JackKelly commented May 13, 2021

I've done a few more experiments (in the hopes that this might be of use to other people in a similar situation; or maybe useful to help understand what's going on!)

It turns out that fsspec.asyn.iothread[0] = None; fsspec.asyn.loop[0] = None needs to be run in every worker process. It's not sufficient to just do this in the parent process.

It doesn't matter if the code does fsspec.asyn.iothread[0] = None; fsspec.asyn.loop[0] = None before or after gcs = gcsfs.GCSFileSystem().

When using fsspec.asyn.iothread[0] = None; fsspec.asyn.loop[0] = None, it's no longer necessary to do skip_instance_cache=True or gcs.clear_instance_cache().

Each worker process has to open the Zarr store. If I try lazily opening the Zarr store in the main process and passing this object into each worker process then fsspec throws an error saying it's not thread safe. That's fine, it's no problem for my code to open the Zarr store in each worker process.

@martindurant
Copy link
Member

OK, that more or less confirms what I thought. I still don't know how the code can be in a place to set those to None after fork and before any instance tries to use the defunct objects. Or maybe we can simply document this situation?

@JackKelly
Copy link
Author

Yeah, I agree - I think it's sufficient to just document this somewhere. Happy to have a go at drafting a paragraph or two if you can recommend where best to document this! (But also more than happy for someone else to write it!)

@martindurant
Copy link
Member

I suppose it should be mainly documented in fsspec along with the rest of the async docs, but also mentioned here in gcsfs (which has far less docs in general).

@ShethR
Copy link

ShethR commented Jul 20, 2021

downgrading to gscfs==0.7.2 and fsspec==0.8.0 worked for me.

@martindurant
Copy link
Member

@ShethR : did you try avoiding fork, as discussed above?

@ShethR
Copy link

ShethR commented Jul 20, 2021

No I did not! I used the default fork method.
Just for added information, I am using torch.multiprocessing instead of native multiprocessing. But i guess they both should have similar behavior.

@martindurant
Copy link
Member

i guess they both should have similar behavior.
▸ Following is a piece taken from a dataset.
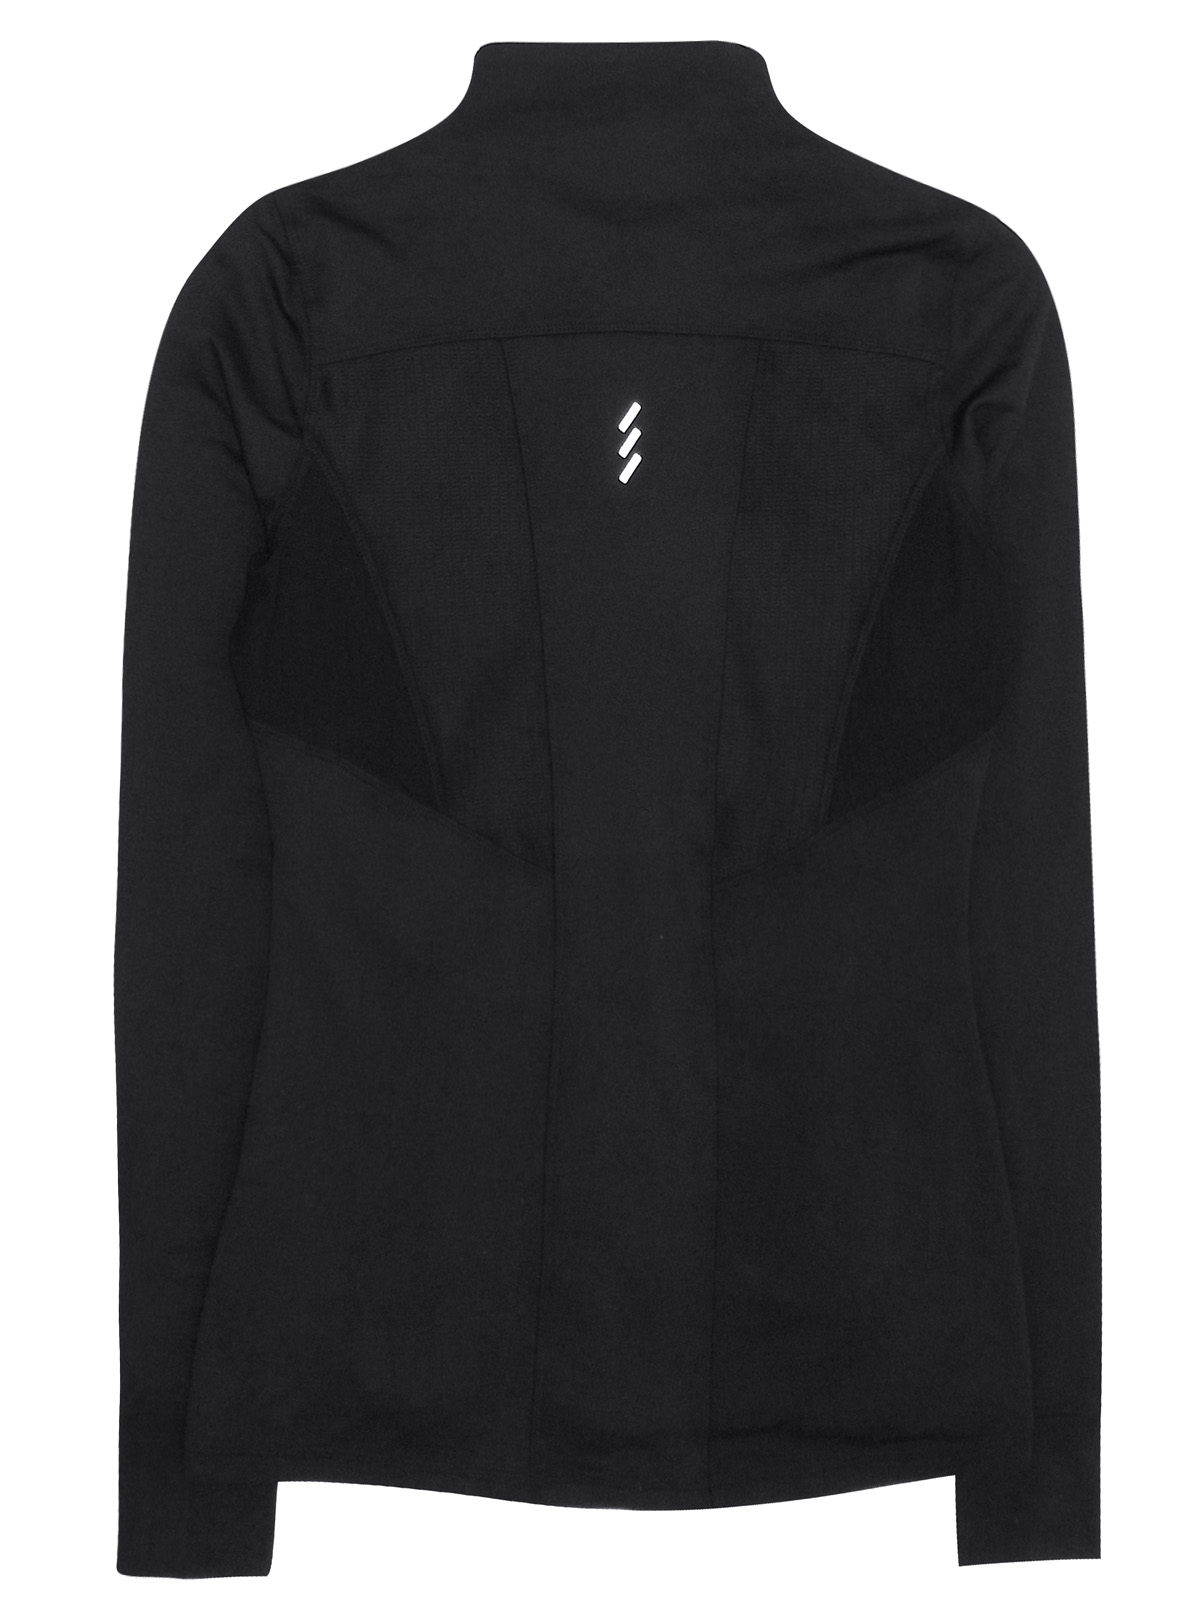 N3XT BLACK Zip Through Panelled Sports Jacket - Size 6 to 8
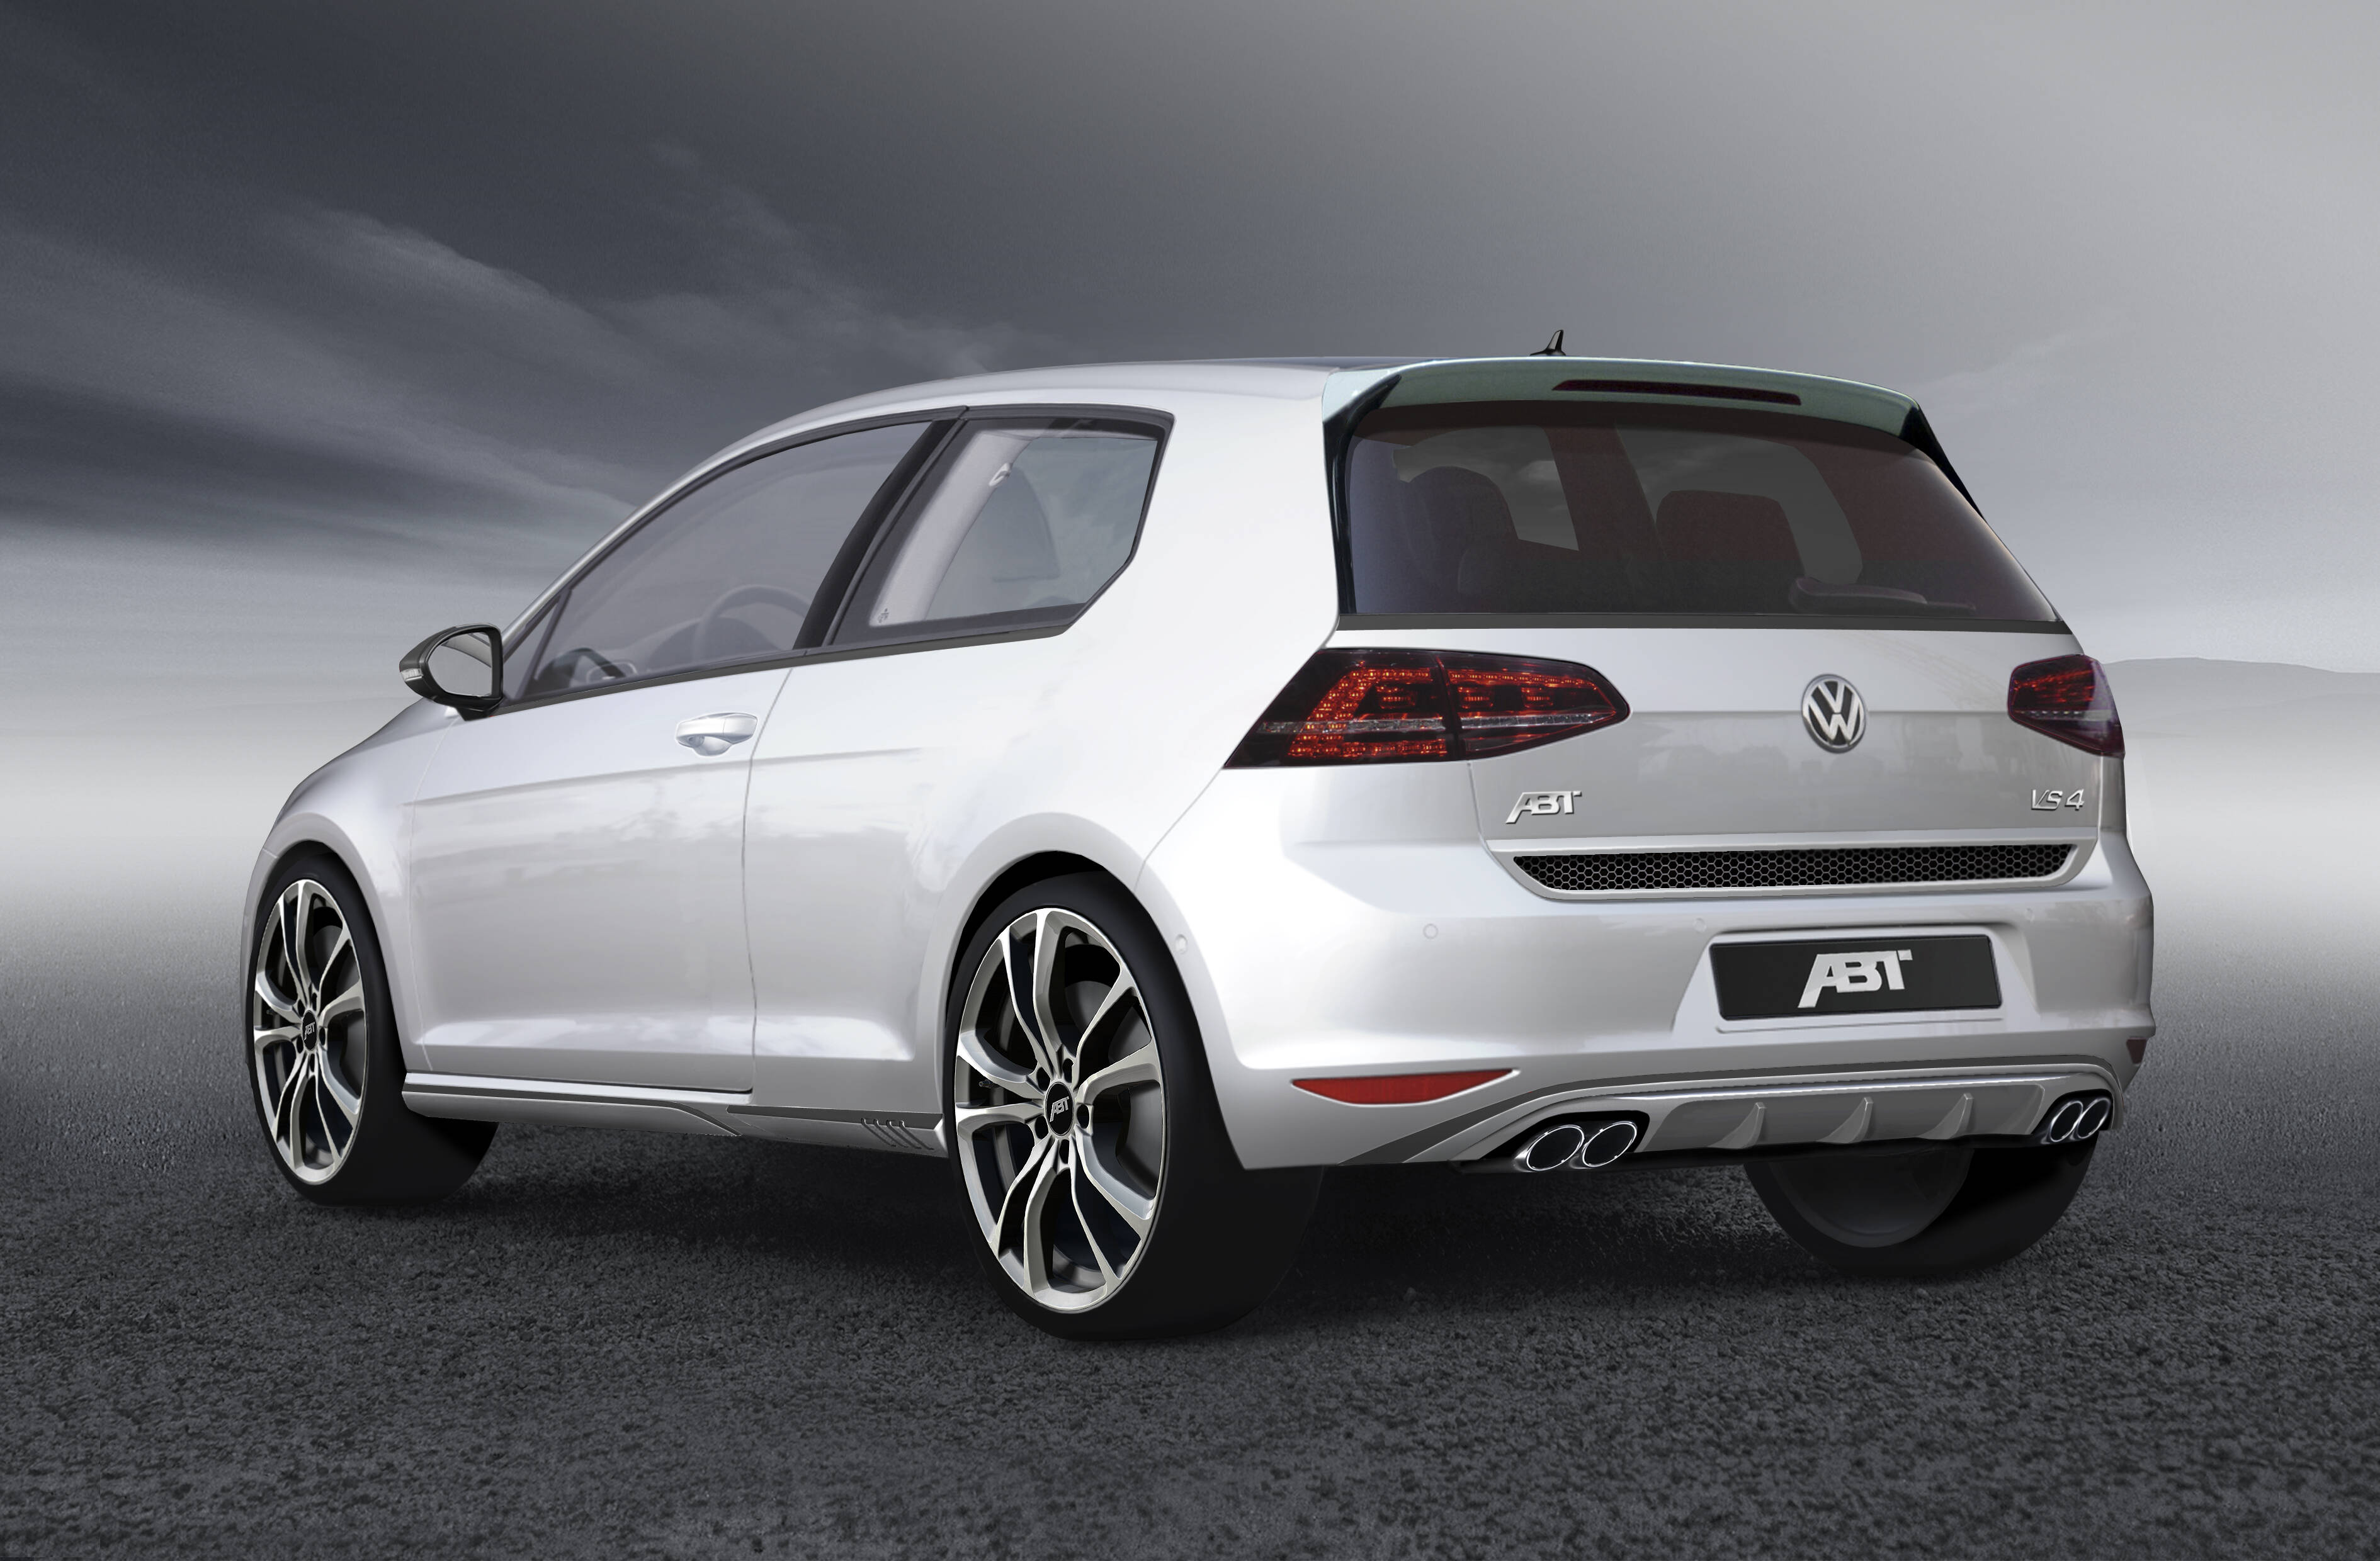 The new ABT Golf VII GTD – great top diesel - Audi Tuning, VW Tuning, Chiptuning von Sportsline.

They will be executing the same low-level OS calls, yes. Fork is a long-standing highly efficient by problematic process.

@lhoestq
Copy link

lhoestq commented May 19, 2022

Same issue for HTTPFileSystem, and fsspec.asyn.iothread[0] = None; fsspec.asyn.loop[0] = None also does the job.

I still don't know how the code can be in a place to set those to None after fork and before any instance tries to use the defunct objects.

It's been a few months since the last message, do you have a better idea of how it can be done ?

@martindurant
Copy link
Member

Again, I would urge everyone simply not to do this! I'll comment shortly in fsspec/filesystem_spec#963 on what needs to happen.

@swt2c
Copy link

swt2c commented May 19, 2022

Again, I would urge everyone simply not to do this! I'll comment shortly in fsspec/filesystem_spec#963 on what needs to happen.

There are situations where fork() is useful, though, such as sharing a large read-only object between multiple processes without having to copy it / duplicate memory usage. It sure would be nice if fsspec was fork-friendly. :-)

@martindurant
Copy link
Member

It sure would be nice if fsspec was fork-friendly

In practice, it's hard, and there's a reason that dask, for instance, doesn't do this. Following the prescription in the linked thread, I think it would be fair for fsspec to require the calling code to make sure that fork safety requirements are met, rather than attempt to automatically detect the change of PID and arrange the appropriate discarding of objects itself.

There are actually many python constructs that are (surprisingly) not fork safe, such as a requests Session or an open file object - never mind anything to do with async or threads.

sharing a large read-only object between multiple processes

I intend on working on (single node) shared memory for dask distributed this summer, if that helps.

@frankShih
Copy link

I am facing the same issue when I using concurrent.futures.ThreadPoolExecutor
Any possible solutions?

@martindurant
Copy link
Member

@frankShih , please provide a reproducer. gcsfs is routinely used from multiple threads, particularly by dask.

@fg91
Copy link

fg91 commented Feb 22, 2023

I recommend this blog post if you want to understand why using the start method os.fork in combination with multi-threading generally is a bad idea.

@SaravananSathyanandhaQC
Copy link

SaravananSathyanandhaQC commented May 26, 2023

I came across the same issue - I'm running FastAPI on Gunicorn with Uvicorn workers, 4 workers running. What's the recommended way to use GCSFileSystem in such a setup? I use fsspec.filesystem("gs") to initialize in case that's relevant.

@fg91
Copy link

fg91 commented May 26, 2023

I came across the same issue - I'm running FastAPI on Gunicorn with Uvicorn workers, 4 workers running. What's the recommended way to use GCSFileSystem in such a setup? I use fsspec.filesystem("gs") to initialize in case that's relevant.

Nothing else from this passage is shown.